At the same time, a small fraction of songs in his prolific catalog lead some to fervently politicize him despite a generally apolitical public stance. Whatever the causes, too often the descriptions applied to Toby Keith obscure the fundamental root of his success: Songwriting. Fortunately, time has a way of clearing those clouds, leaving hope that someday he will be known primarily and rightly as one of the finest popular songwriters of any era in any genre. That outcome is only possible, however, precisely because he has never lost that focus, never been distracted by the ups or the downs.
When his career could barely be called that, Toby Keith wrote songs. Struggling with a former label and fighting to regain a grip on his career, he wrote songs. Peppered with unwarranted criticism, he wrote songs. Showered with praise and awards, he wrote songs. And in many ways, it all goes back to a woman named Clancy, a club she owned and a grandson whose teenage summers there sparked a flame that has yet to even flicker.
The title track of Clancy's Tavern is almost a prequel to Toby's 2005 hit "Honkytonk U." "It's the same grandmother," he explains. "'Honkytonk U' talked about my mother putting me on a Greyhound and sending me to live with my grandmother for the summer, and how things took off from there. This one is more about the bar and what I saw there. The actual name of the place was Billy Garner's Supper Club, but her husband teased her and nicknamed her Clancy because she ran a tavern. Every line in the song is true. This isn't fiction."
Like each album before it, Clancy's Tavern documents the continuing and seemingly inevitable growth of Keith's skills as singer and producer, certainly, but even more as a writer. Consider the songs you won't hear on Clancy's Tavern: "Blue Enough (To Break A Heart In Two)," "Another She Ain't You," "Didn't Forever Get Here Fast?" and "Rattle Can Red." Well, they're actually not songs, just bits and pieces of lyrics from an artist whose gift for language and melody is so well-developed, his songs beget ideas and phrases that in themselves could be fully formed songs.
"That comes with writing your whole life if you stay after it," Toby says. "Sometimes when I write with guys who've been around longer than me they'll say, 'You're gonna have to give me a bit to get my chops up.' They might feel slow for the first day or two while they try to get in the groove. But I write all the time. I've never quit writing since I was 14 - haven't eased up one day. If I took off next year, stayed home and did nothing, I would still be writing."
Call it discipline, passion, obsession or all three, but that consistency is perhaps the greatest not-so-secret key to Keith's multi-faceted success. It makes the tours, albums, and related endeavors possible. "If you were a homebuilder and looked at the houses you built when you were 20 and looked at the ones you build today, you'd see they were much better - even than ones you were building five or six years ago. As a songwriter, your system gets better.

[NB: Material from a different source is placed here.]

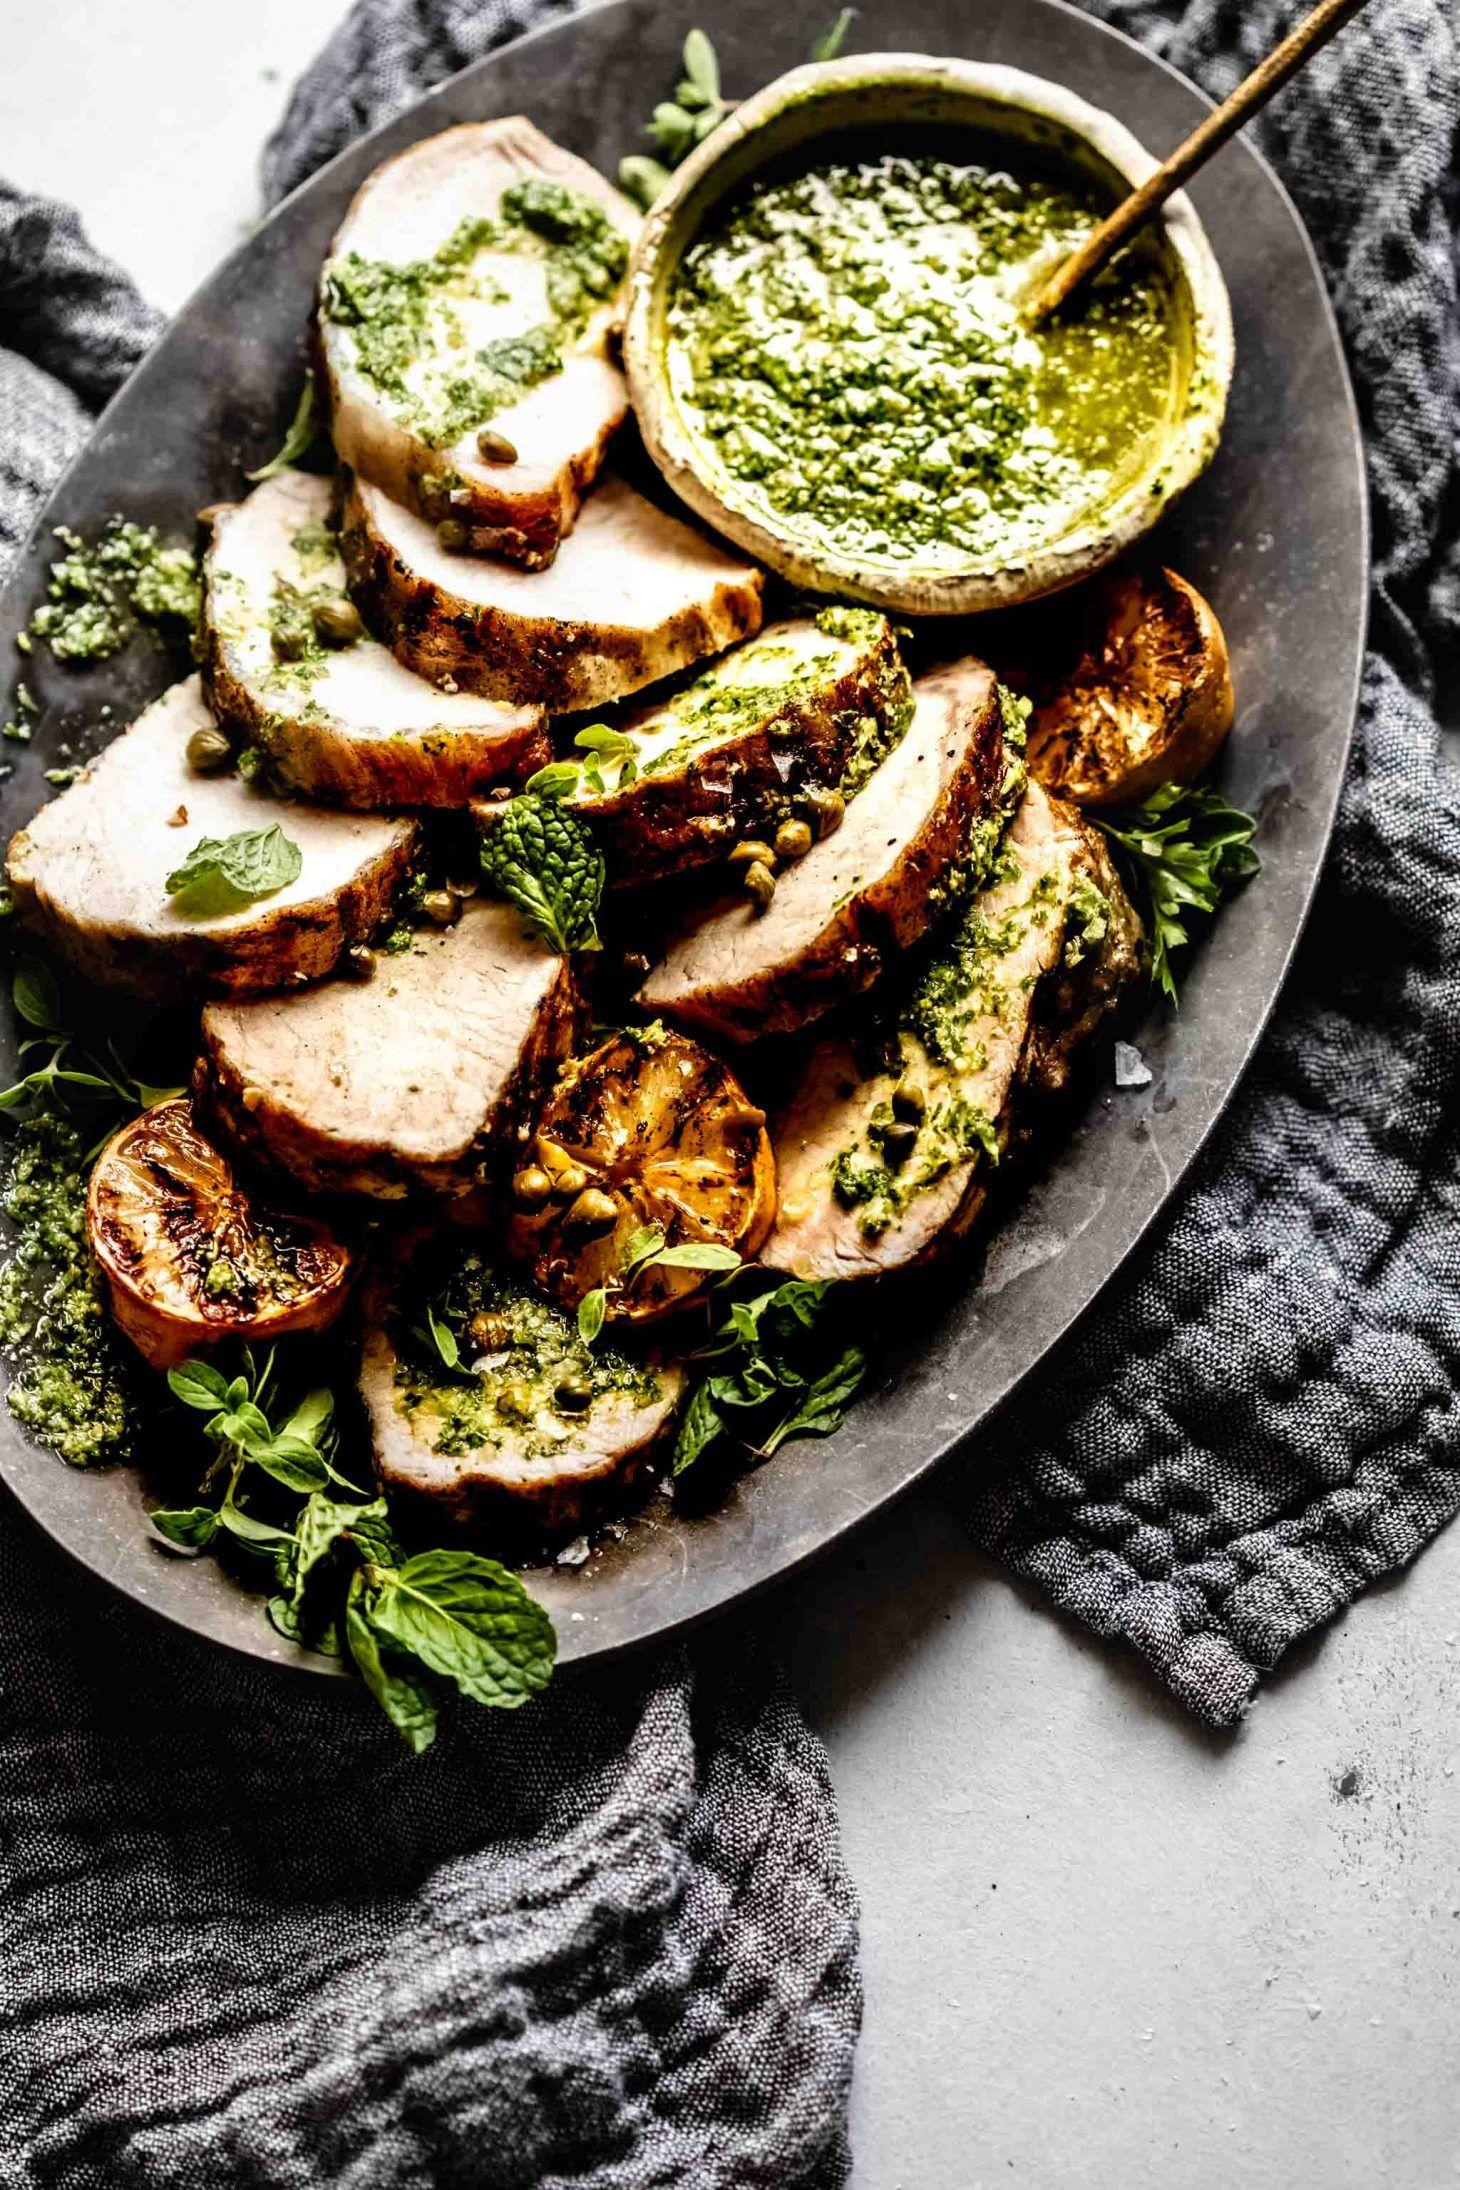 Grilled pork tenderloin with charred lemon chimichurri is

Your vocabulary gets bigger. Everything that would help a songwriter increases. Plus, you live longer and have more time to stumble on good ideas."
Keith's creative process is well documented. In addition to his habit of recording song ideas on his phone, his co-writing efforts are ingrained in his annual schedule. "I have three or four guys I write with who come out on the road," he says. "There's an occasional person who comes once, but Rivers Rutherford usually comes out a couple weekends a year. Bobby Pinson and I are together probably 50 days a year. Scotty Emerick still comes around about two weekends and we do the two weeks together overseas on the USO Tour and have time to write there. Actually, 'Chillaxin' was written on a bus during a two-day stop in South Korea on our way to Afghanistan."
Each year's batch routinely yields more songs than Keith can use. Three of Clancy's Tavern's cuts - "Club Zydeco Moon," "I Won't Let You Down" and "I Need To Hear A Country Song" - were written for 2010's Bullets In The Gun. Three songs from the 2011 writing sessions will appear on Keith's next album.
"For the last decade, we've put out a single from a new album when we go on tour in the summer," Keith explains. "The album comes out in October, you get a couple more singles and we start over."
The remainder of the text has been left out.